I think that was my issue, I'll have to check tonight. I was trying to set NSInteger *var instead of NSInteger var. I thought NSInteger was a object like NSNumber, but I was wrong.
 
Yeah, I'm an idiot. The issue ended up being that I was releasing a nsinteger when I was retrieving the integer from the database when i should not have been releasing it. I feel like an idiot, I look at it for 10 minutes now and figure it out! lol.
 
OK, NSNumber is the right way to store numbers in a mutable array.

Most likely this is a memory management error. Something isn't being retained that needs to be retained.

Have you run Clang on this code?

Otherwise you need to show some of the code or just step through it yourself to see when it's good and when it goes bad.

BTW, if you're not using FMDB to manage your SQL code I recommend that you do so.
 
OK, NSNumber is the right way to store numbers in a mutable array.

Most likely this is a memory management error. Something isn't being retained that needs to be retained.

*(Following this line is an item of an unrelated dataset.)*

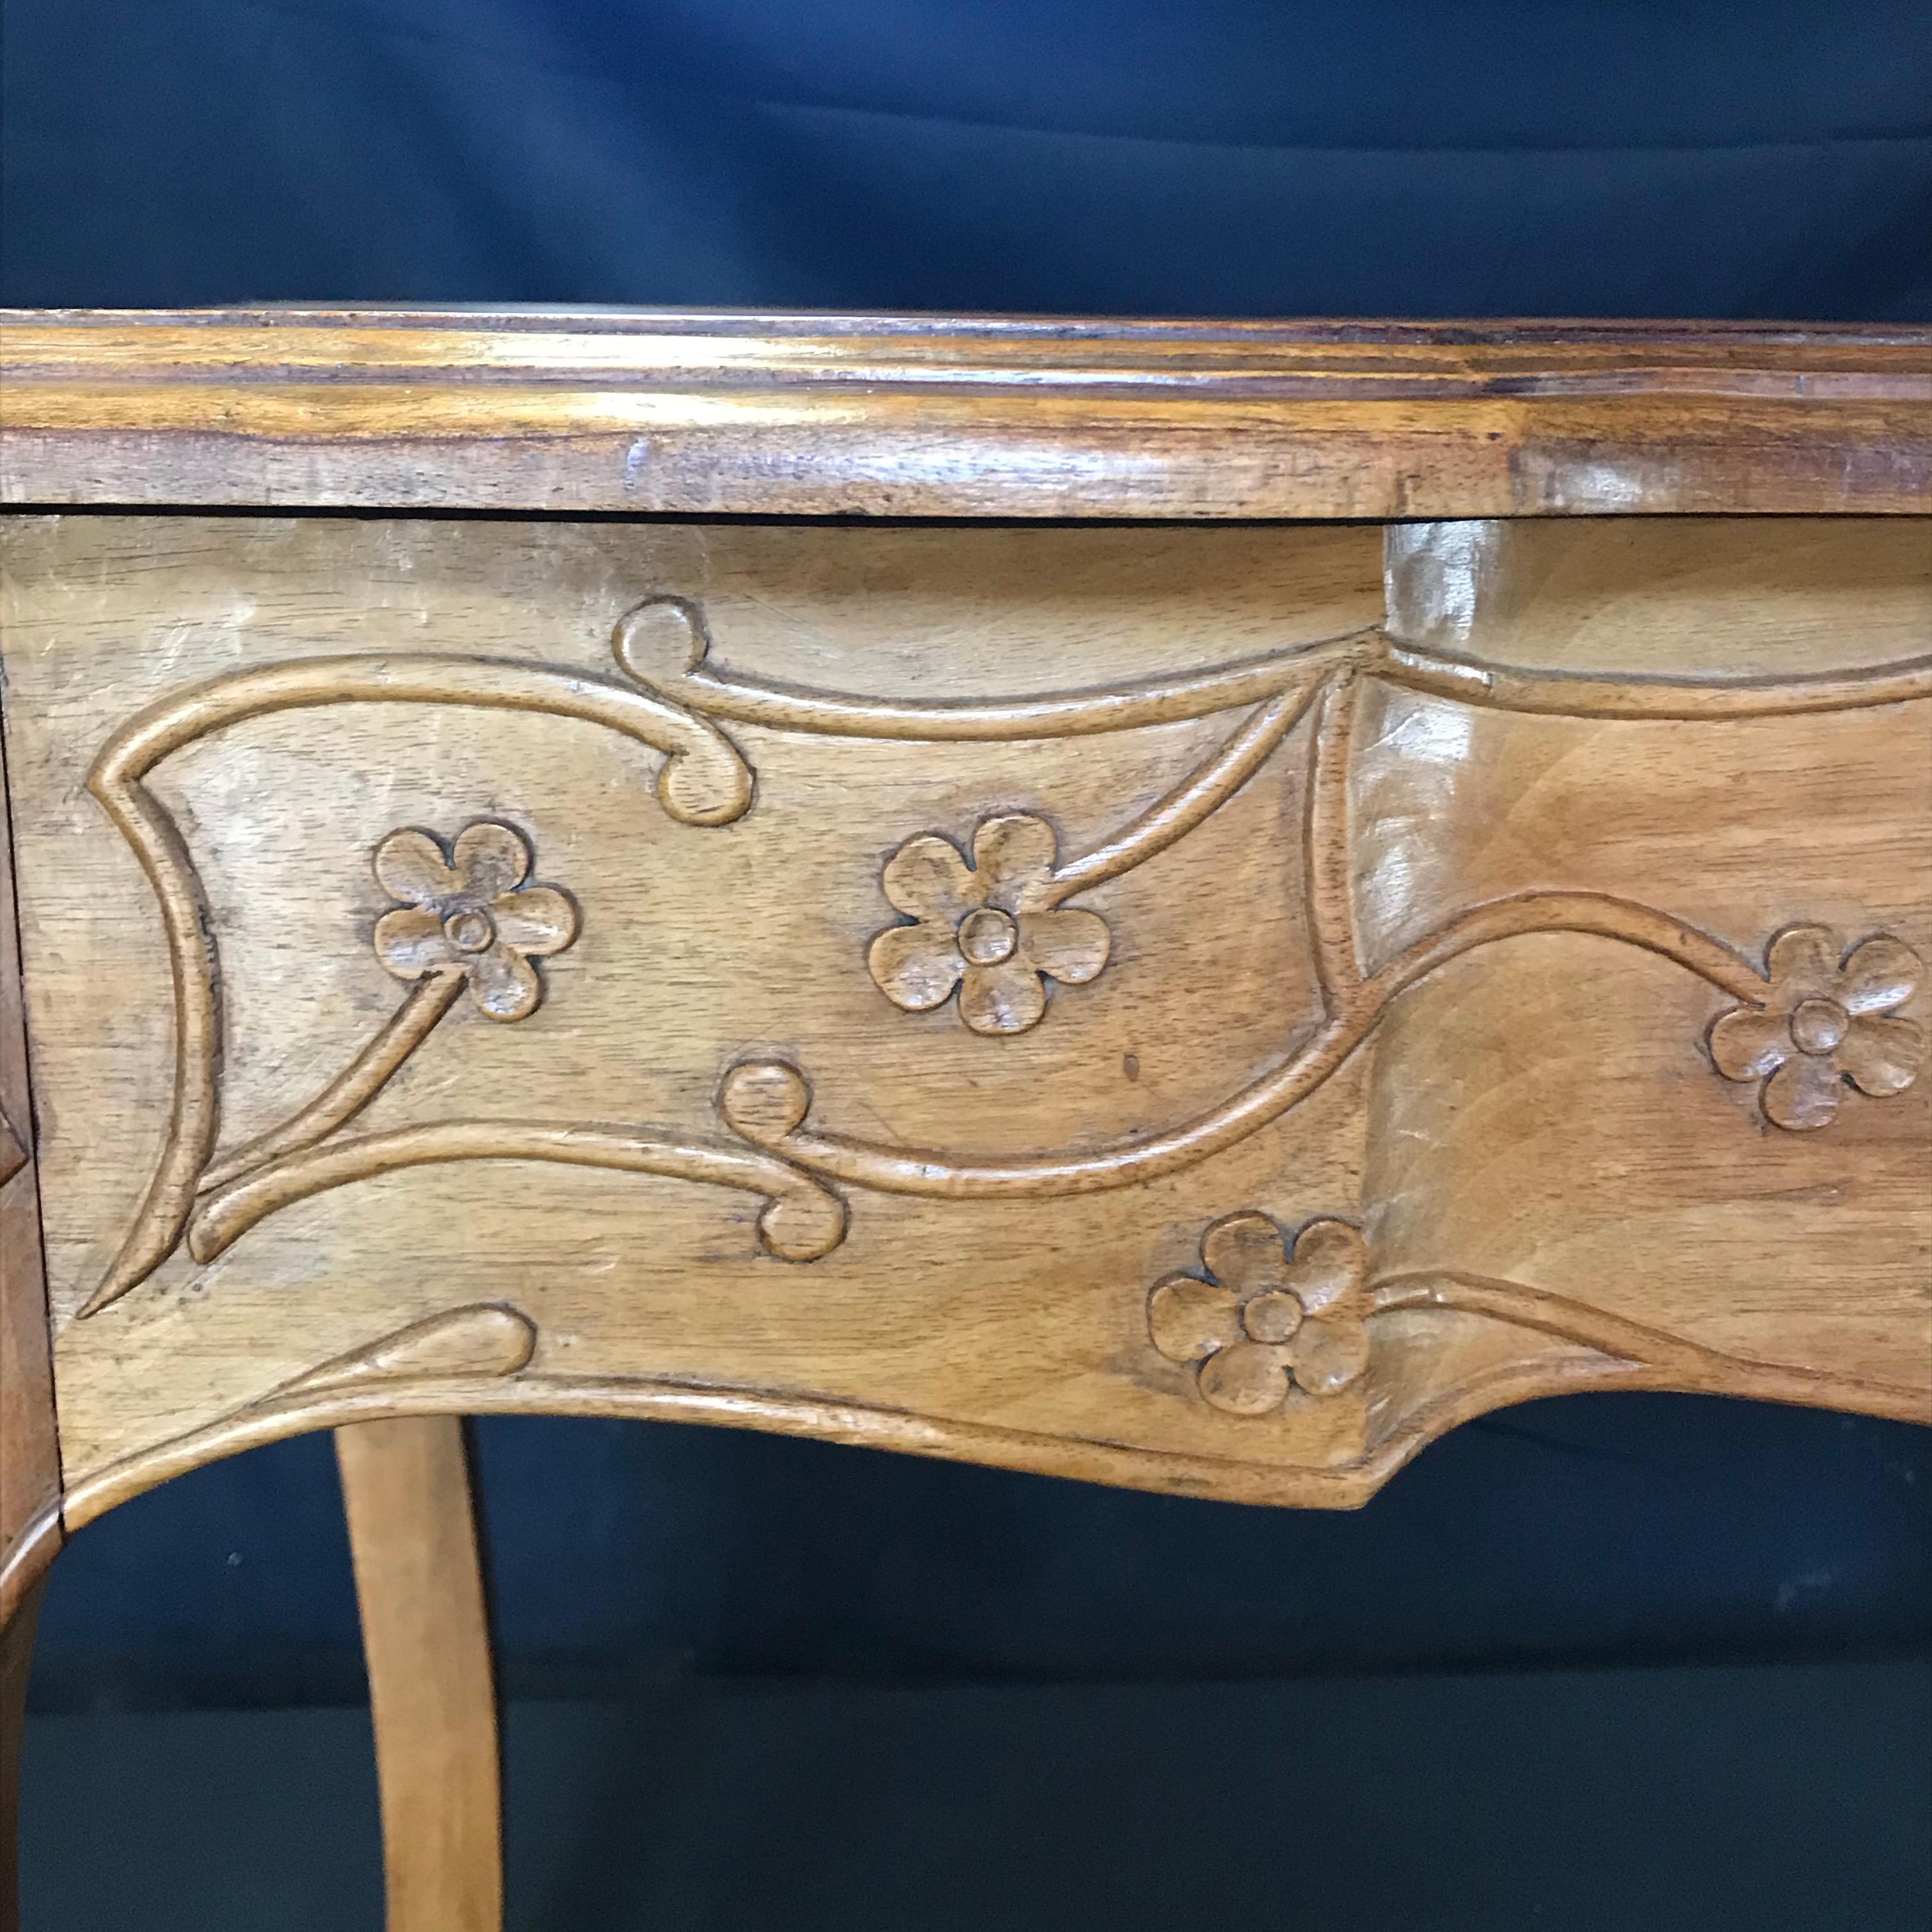 19th century country French Louis XV carved side table or desk. Can also be used as a game table. Hand carved floral and acanthus leaf artwork on the sides and cabriole legs. Gorgeous inset table top. 
Measures: Apron height 21.75
#3408.
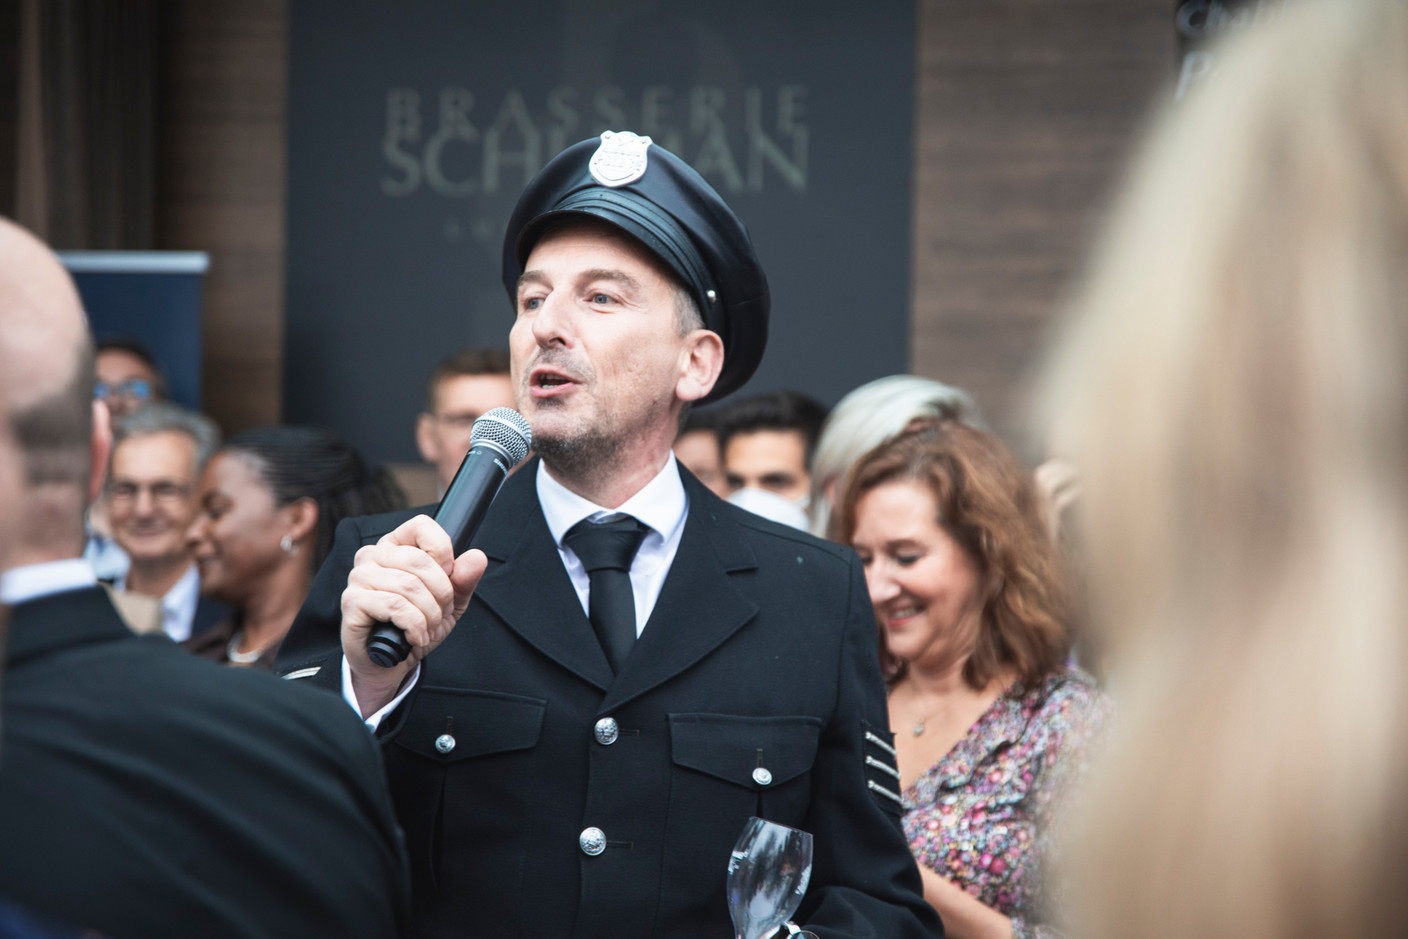 2021: Jim Kent speaks during Delano’s 10th anniversary celebration, where guests dressed up as the job they wanted when they were 10 years old, at the Brasserie Schuman. Maison Moderne archives

Have you run Clang on this code?

Otherwise you need to show some of the code or just step through it yourself to see when it's good and when it goes bad.

BTW, if you're not using FMDB to manage your SQL code I recommend that you do so.

Wow I just read what I wrote, and I wrote it wrong. I was in a rush to get to the gym lol. I was using NSNumber the whole time. During the loop of getting values from my query it was creating a NSNumber then releasing it when it was finished (which I shouldn't have been doing based on how I initialized it.)

What I find weird is the fact that it would work on the simulator but not the iphone. I didn't put 2 + 2 together, I was stepping through the code and it would crash when i tried to [nsnumvar integervalue]; but then I didn't think about it getting trash data because I was storing trash at the time.

I have not run clang before I'll have to search up more information about it.
 
OK, I think you solved your problem but I guess I'm not certain. Without you showing the code I can only guess.

There are various differences between the Sim and the device. On the Sim there is a lot more memory available so memory might not be re-used that on the device gets re-used more quickly. It's not worth thinking about very much. Write correct code and it'll work on both.

On Snow Leopard Clang is integrated into Xcode and called Compile and Analyze, or something like that. It's part of my development process. After I implement any new features I run the leaks tool and I run Clang on my source. Neither tool is perfect but they are both very cheap in terms of time and effort to run and they have both found errors in my code that I didn't know about. I always use them both on new features.